[Exercise aim]
From the first line to the last, copy the listing exactly and omit the images.

[Source material]

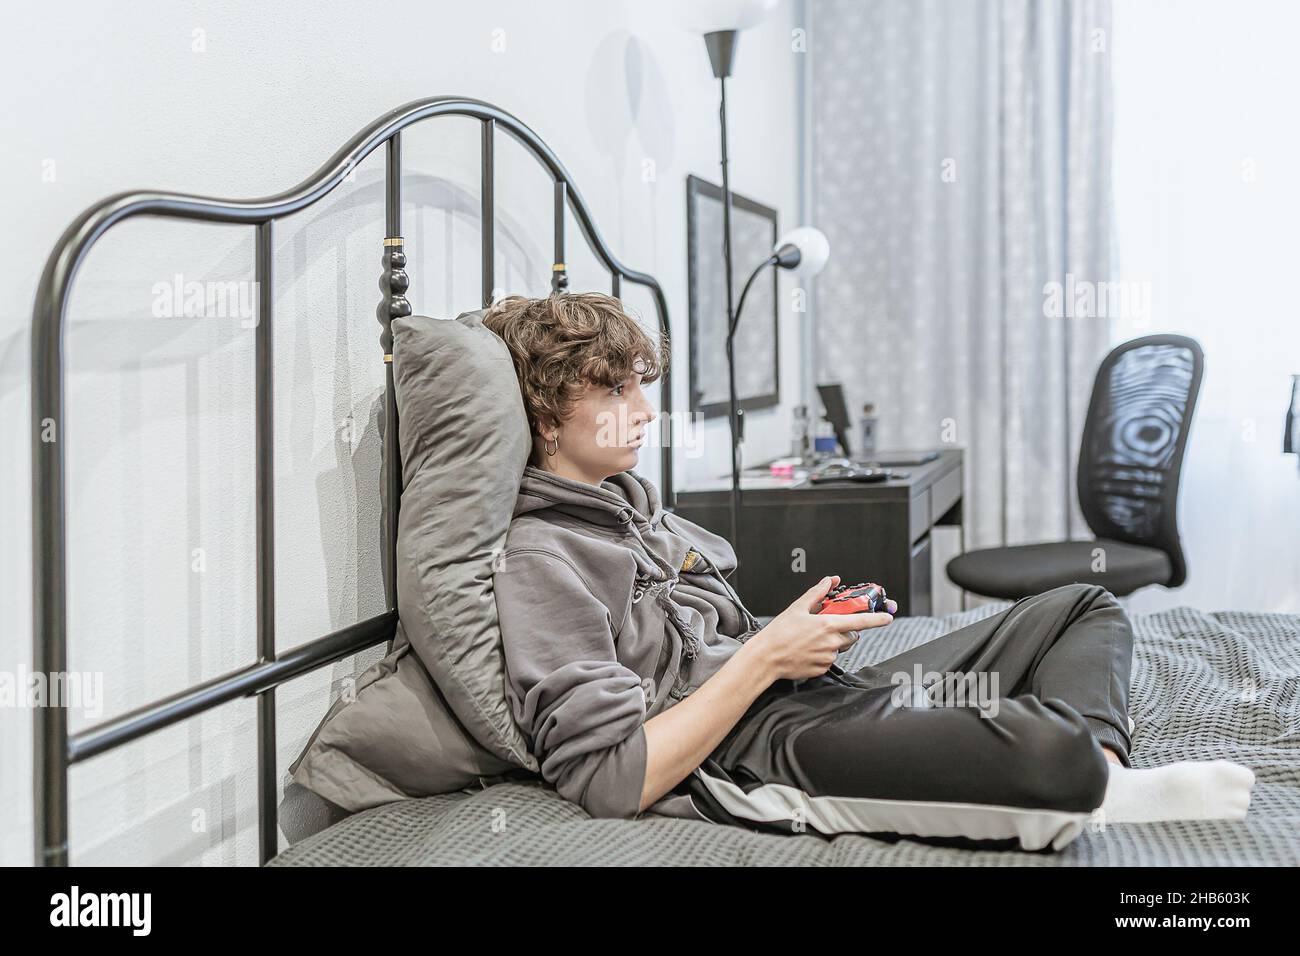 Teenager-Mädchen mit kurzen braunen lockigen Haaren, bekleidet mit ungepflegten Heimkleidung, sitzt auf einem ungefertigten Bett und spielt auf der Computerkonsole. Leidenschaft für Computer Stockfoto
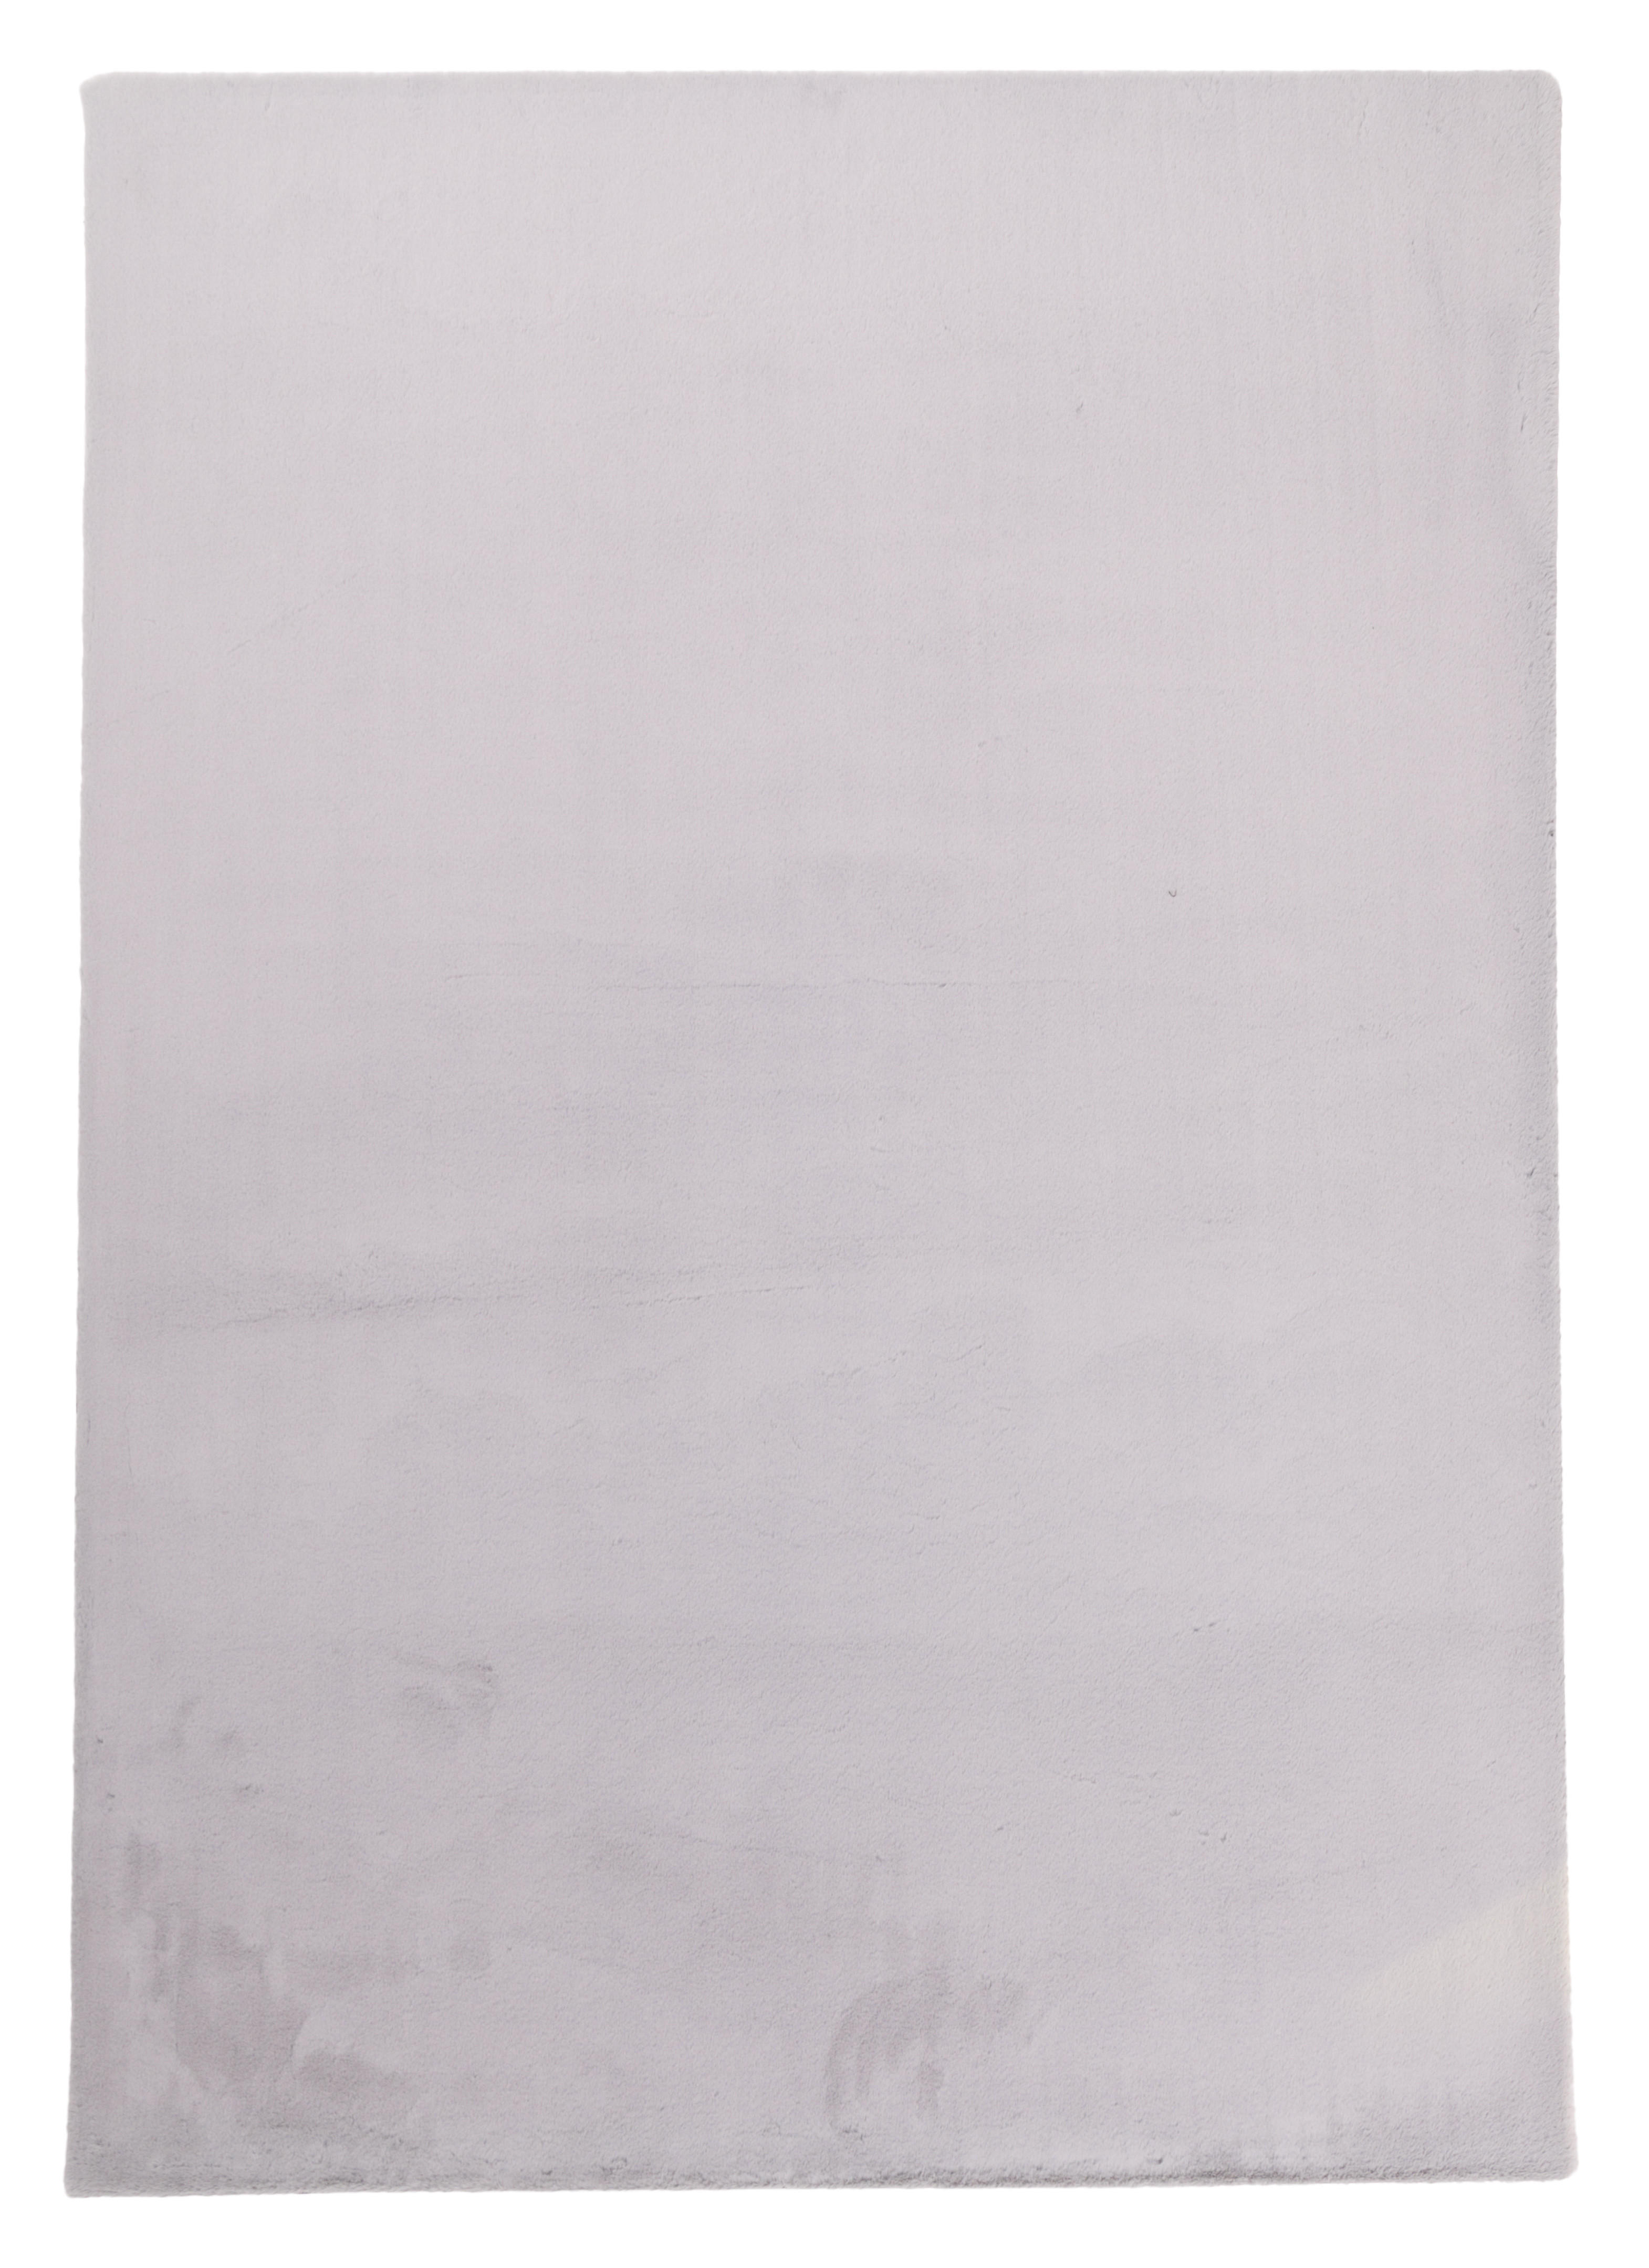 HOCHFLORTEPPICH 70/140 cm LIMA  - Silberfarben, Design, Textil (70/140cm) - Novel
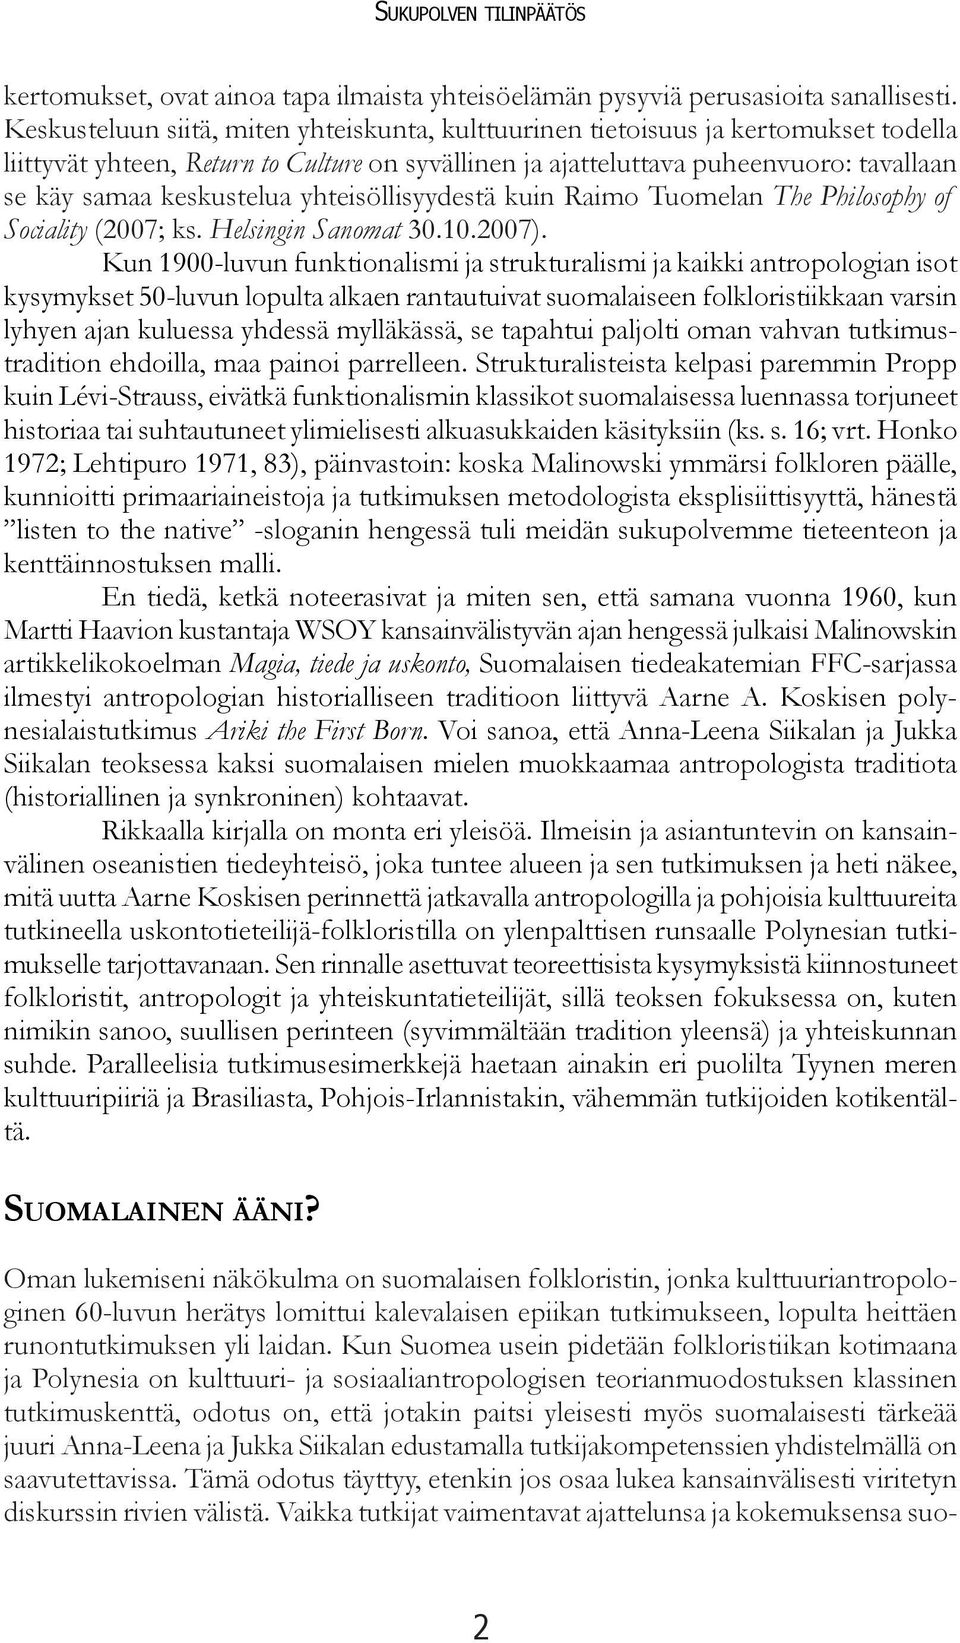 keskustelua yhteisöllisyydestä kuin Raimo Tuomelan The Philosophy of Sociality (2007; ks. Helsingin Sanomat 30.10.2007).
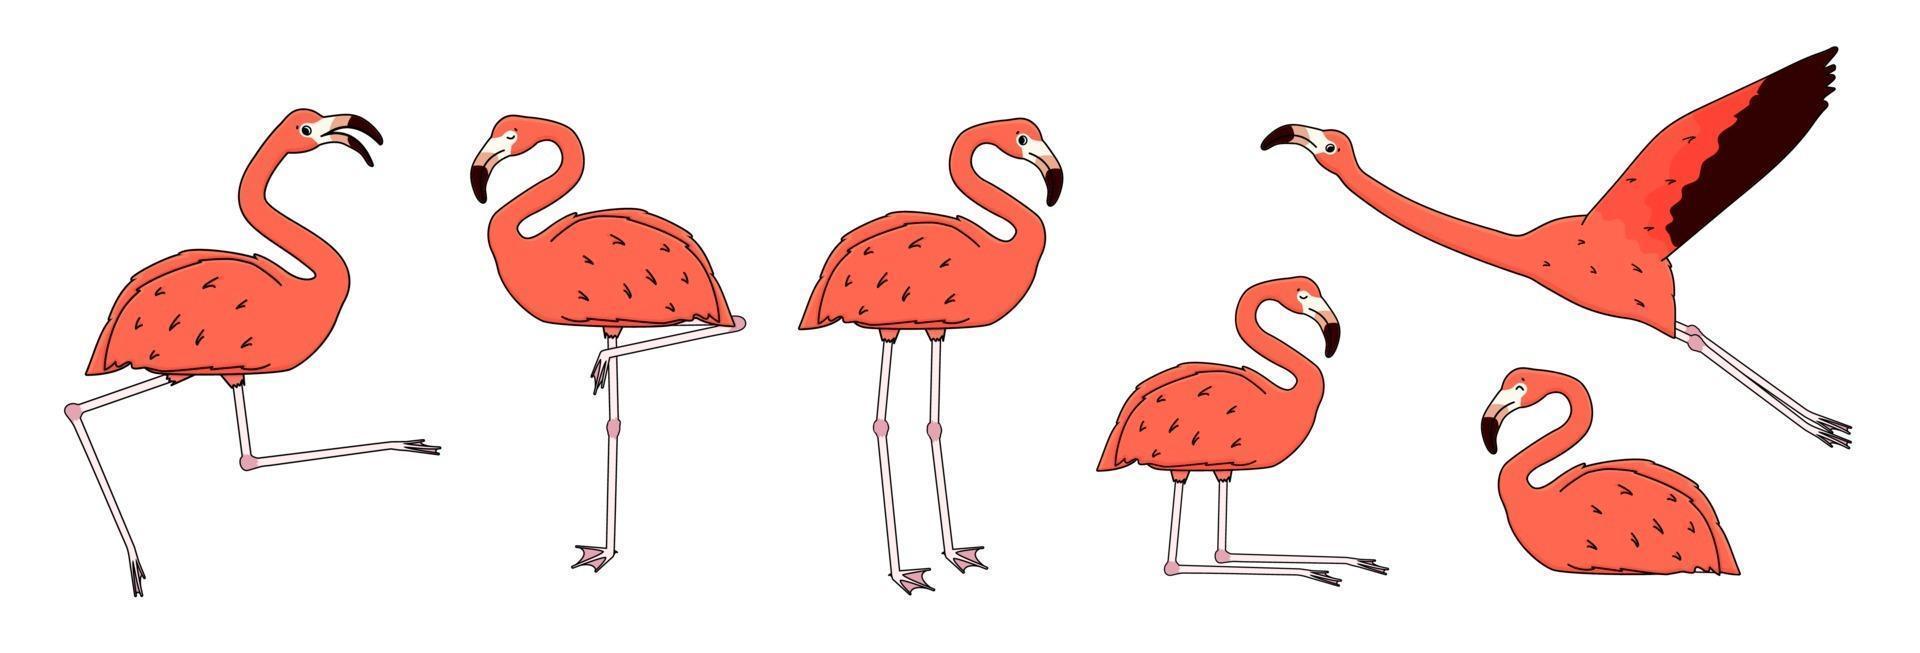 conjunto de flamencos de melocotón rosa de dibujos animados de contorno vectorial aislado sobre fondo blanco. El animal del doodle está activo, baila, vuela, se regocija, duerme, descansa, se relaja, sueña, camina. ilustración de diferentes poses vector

[Solution to the exercise]
 Teenager-Mädchen mit kurzen braunen lockigen Haaren, bekleidet mit ungepflegten Heimkleidung, sitzt auf einem ungefertigten Bett und spielt auf der Computerkonsole. Leidenschaft für Computer Stockfoto
 HOCHFLORTEPPICH 70/140 cm LIMA  - Silberfarben, Design, Textil (70/140cm) - Novel
 keskustelua yhteisöllisyydestä kuin Raimo Tuomelan The Philosophy of Sociality (2007; ks. Helsingin Sanomat 30.10.2007).
 conjunto de flamencos de melocotón rosa de dibujos animados de contorno vectorial aislado sobre fondo blanco. El animal del doodle está activo, baila, vuela, se regocija, duerme, descansa, se relaja, sueña, camina. ilustración de diferentes poses vector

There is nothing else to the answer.